Exercise :: Only one stretch of the data below should be repeated: the lines from the line containing "Hideout Ankle Holster" through the line containing "#lexsalon #phoenixville #phoenixvillepa", inclusive, exactly as they are.

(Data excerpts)
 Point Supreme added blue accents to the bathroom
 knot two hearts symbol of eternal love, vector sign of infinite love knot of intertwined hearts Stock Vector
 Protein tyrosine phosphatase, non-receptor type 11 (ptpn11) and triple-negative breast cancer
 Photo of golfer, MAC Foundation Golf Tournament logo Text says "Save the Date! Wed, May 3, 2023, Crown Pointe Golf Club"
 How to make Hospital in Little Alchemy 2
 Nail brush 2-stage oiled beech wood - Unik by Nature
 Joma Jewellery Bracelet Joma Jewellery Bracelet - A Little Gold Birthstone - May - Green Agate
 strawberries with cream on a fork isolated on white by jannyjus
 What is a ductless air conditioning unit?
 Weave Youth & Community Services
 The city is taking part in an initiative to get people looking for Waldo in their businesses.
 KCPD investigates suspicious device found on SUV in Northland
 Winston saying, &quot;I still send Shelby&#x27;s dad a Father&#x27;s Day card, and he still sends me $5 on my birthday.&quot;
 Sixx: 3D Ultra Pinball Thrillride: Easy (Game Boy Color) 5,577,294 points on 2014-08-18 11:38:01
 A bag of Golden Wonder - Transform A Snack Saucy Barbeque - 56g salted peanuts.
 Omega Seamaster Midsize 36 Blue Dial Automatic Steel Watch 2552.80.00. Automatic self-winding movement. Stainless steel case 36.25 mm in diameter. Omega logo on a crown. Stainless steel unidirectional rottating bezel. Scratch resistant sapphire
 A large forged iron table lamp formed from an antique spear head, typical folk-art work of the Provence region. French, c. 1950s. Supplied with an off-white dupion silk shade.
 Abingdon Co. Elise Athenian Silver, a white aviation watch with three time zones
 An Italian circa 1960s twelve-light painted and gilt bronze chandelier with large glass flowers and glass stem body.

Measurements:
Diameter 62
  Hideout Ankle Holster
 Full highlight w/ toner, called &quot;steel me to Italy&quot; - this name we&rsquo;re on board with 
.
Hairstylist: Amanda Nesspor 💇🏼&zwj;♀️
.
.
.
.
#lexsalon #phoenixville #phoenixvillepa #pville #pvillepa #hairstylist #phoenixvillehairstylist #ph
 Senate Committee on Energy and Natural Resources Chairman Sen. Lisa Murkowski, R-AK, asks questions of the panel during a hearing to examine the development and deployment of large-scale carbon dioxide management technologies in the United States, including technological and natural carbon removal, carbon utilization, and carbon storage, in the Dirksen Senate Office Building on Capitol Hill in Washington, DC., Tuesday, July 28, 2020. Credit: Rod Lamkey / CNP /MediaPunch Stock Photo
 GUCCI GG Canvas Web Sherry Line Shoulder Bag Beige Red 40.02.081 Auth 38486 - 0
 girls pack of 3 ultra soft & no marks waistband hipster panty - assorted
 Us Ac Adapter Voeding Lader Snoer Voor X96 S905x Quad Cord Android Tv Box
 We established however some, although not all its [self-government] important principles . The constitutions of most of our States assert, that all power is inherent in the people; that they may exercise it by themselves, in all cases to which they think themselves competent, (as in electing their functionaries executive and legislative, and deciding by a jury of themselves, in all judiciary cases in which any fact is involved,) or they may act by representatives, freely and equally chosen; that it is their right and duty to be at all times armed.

Answer box ::
  Hideout Ankle Holster
 Full highlight w/ toner, called &quot;steel me to Italy&quot; - this name we&rsquo;re on board with 
.
Hairstylist: Amanda Nesspor 💇🏼&zwj;♀️
.
.
.
.
#lexsalon #phoenixville #phoenixvillepa #pville #pvillepa #hairstylist #phoenixvillehairstylist #ph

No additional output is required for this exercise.